- [WHAT THE TASK REQUIRES]: What the answer must hold is the line containing "Endurance is nobler" and all lines after it through the end of the listing, copied exactly, with pictures left out.

- [INFORMATION SUPPLIED]:
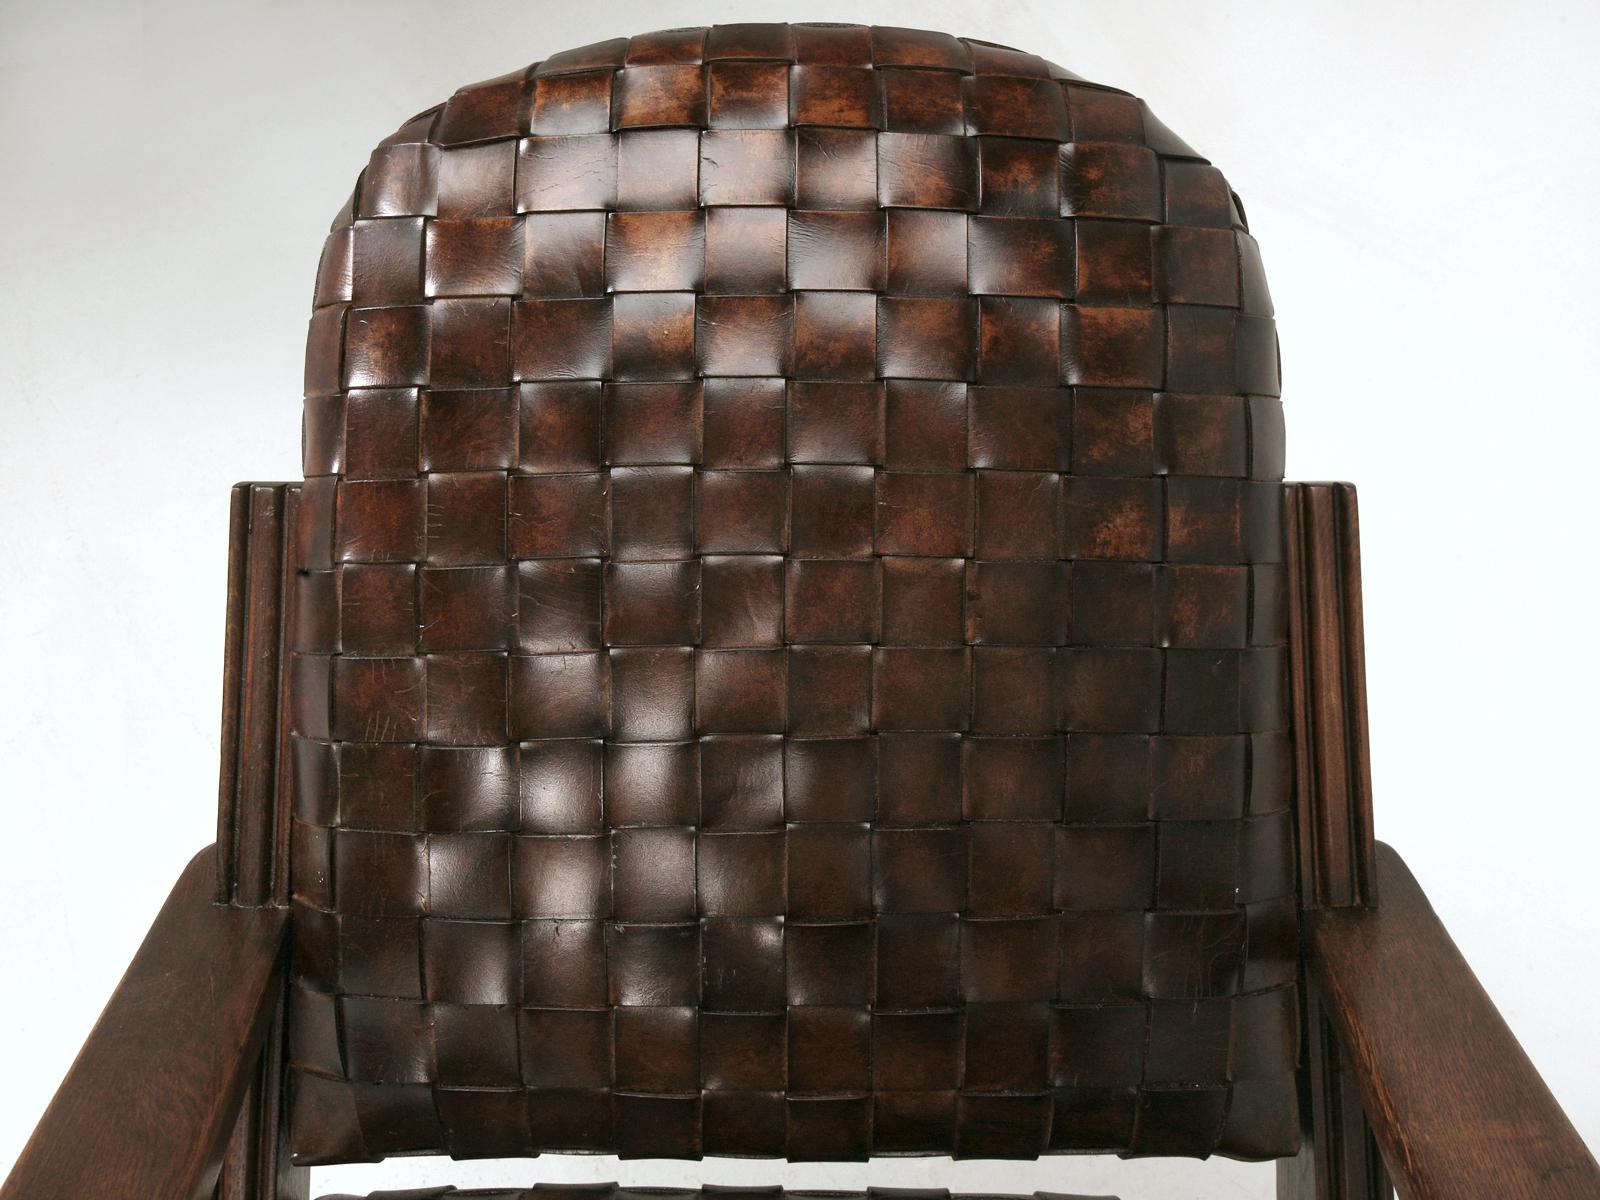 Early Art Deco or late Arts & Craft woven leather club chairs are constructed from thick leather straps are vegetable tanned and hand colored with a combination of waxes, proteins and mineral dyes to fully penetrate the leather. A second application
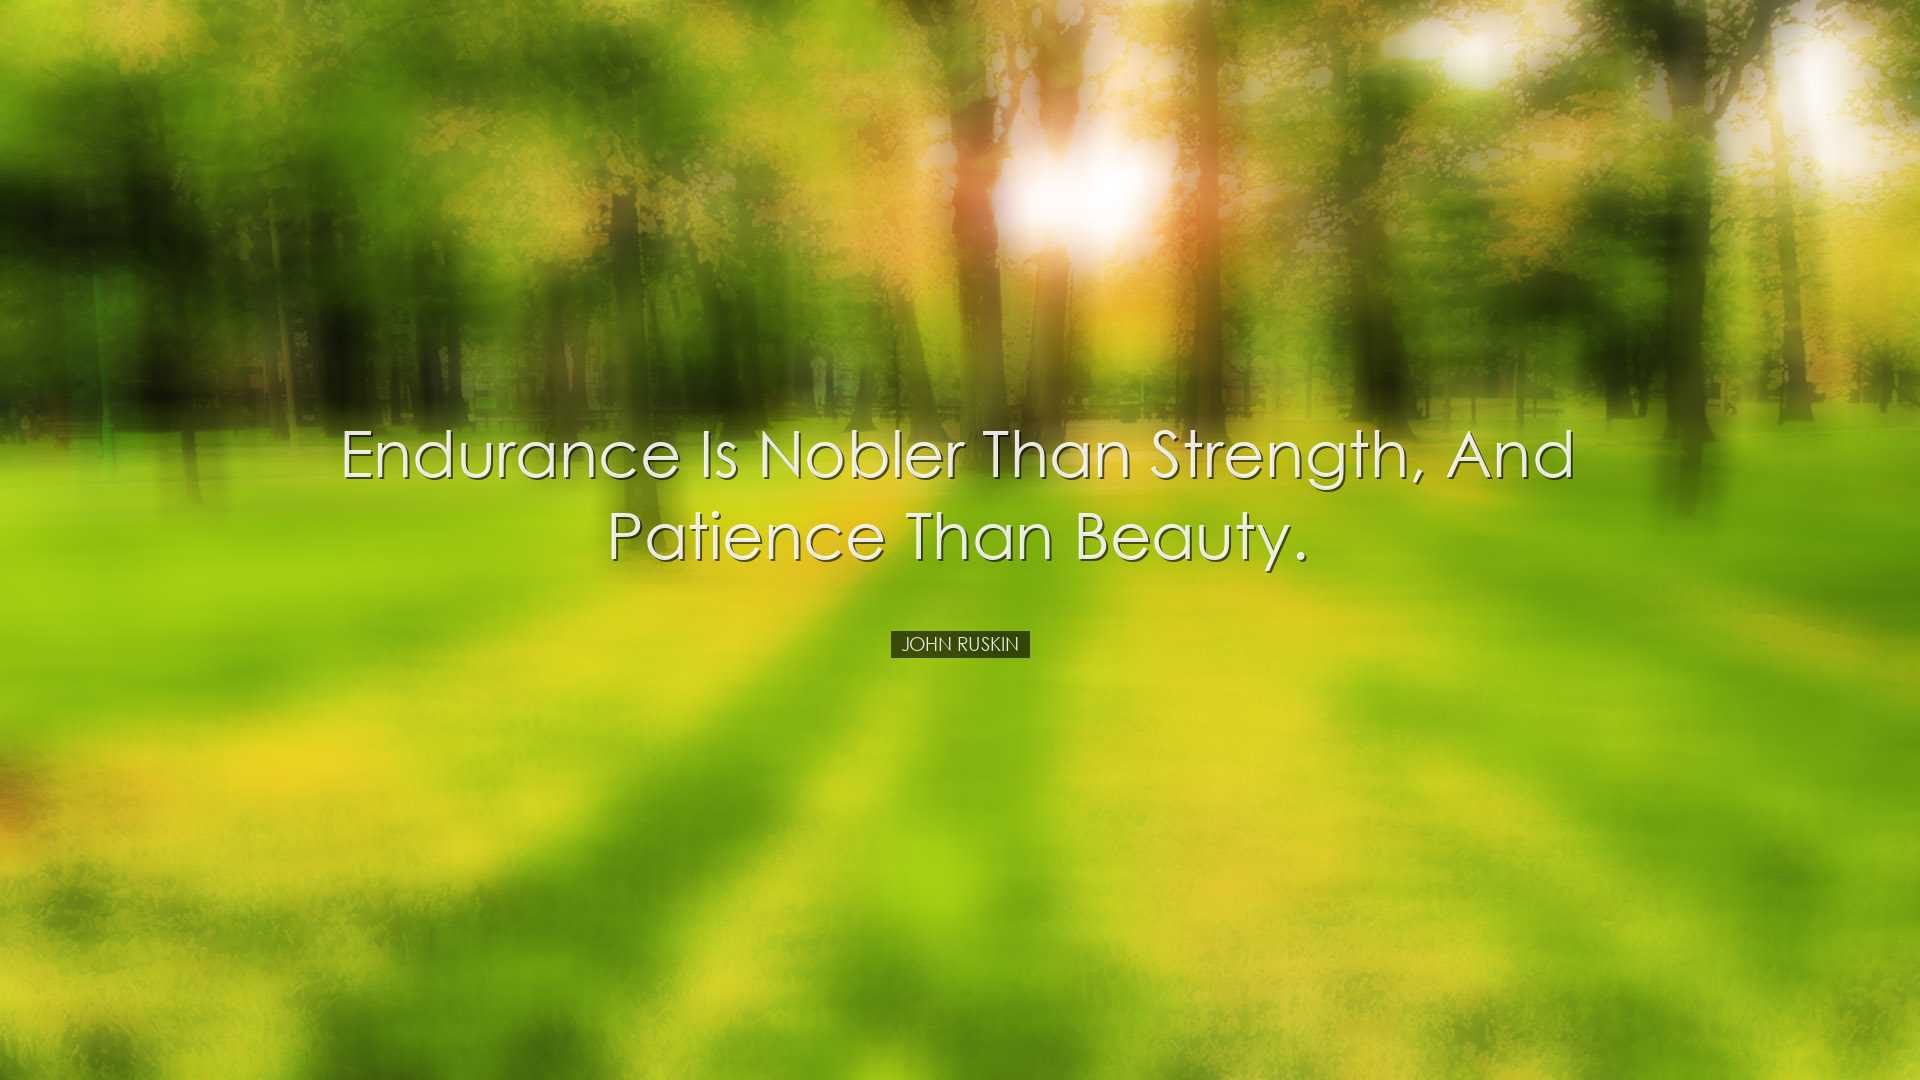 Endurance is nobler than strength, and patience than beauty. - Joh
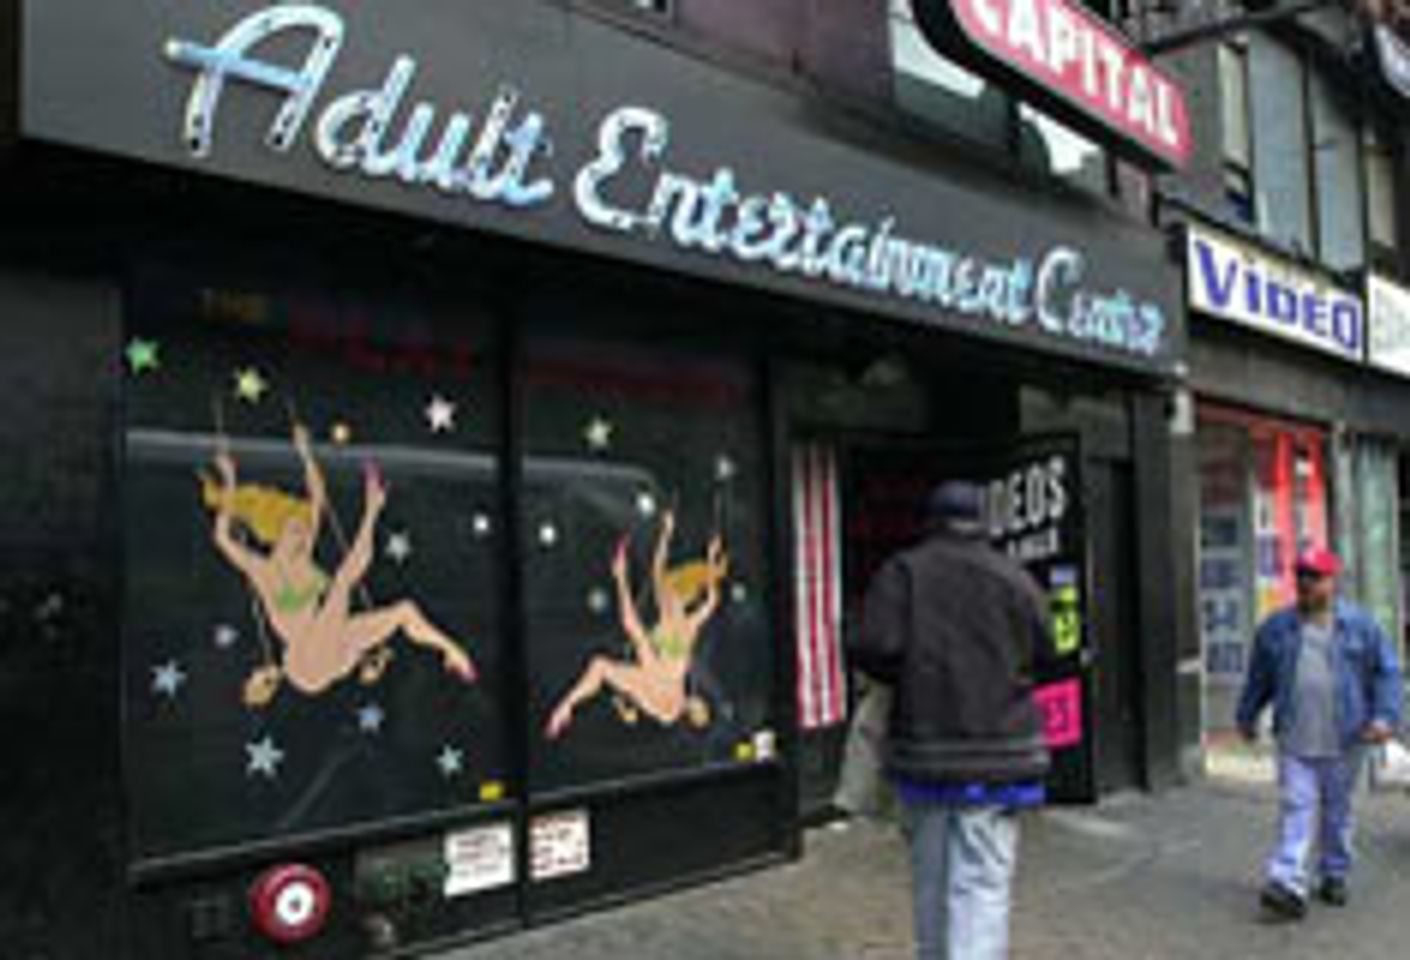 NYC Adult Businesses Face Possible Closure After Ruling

- [WRITTEN SOLUTION]:
 Endurance is nobler than strength, and patience than beauty. - Joh
 NYC Adult Businesses Face Possible Closure After Ruling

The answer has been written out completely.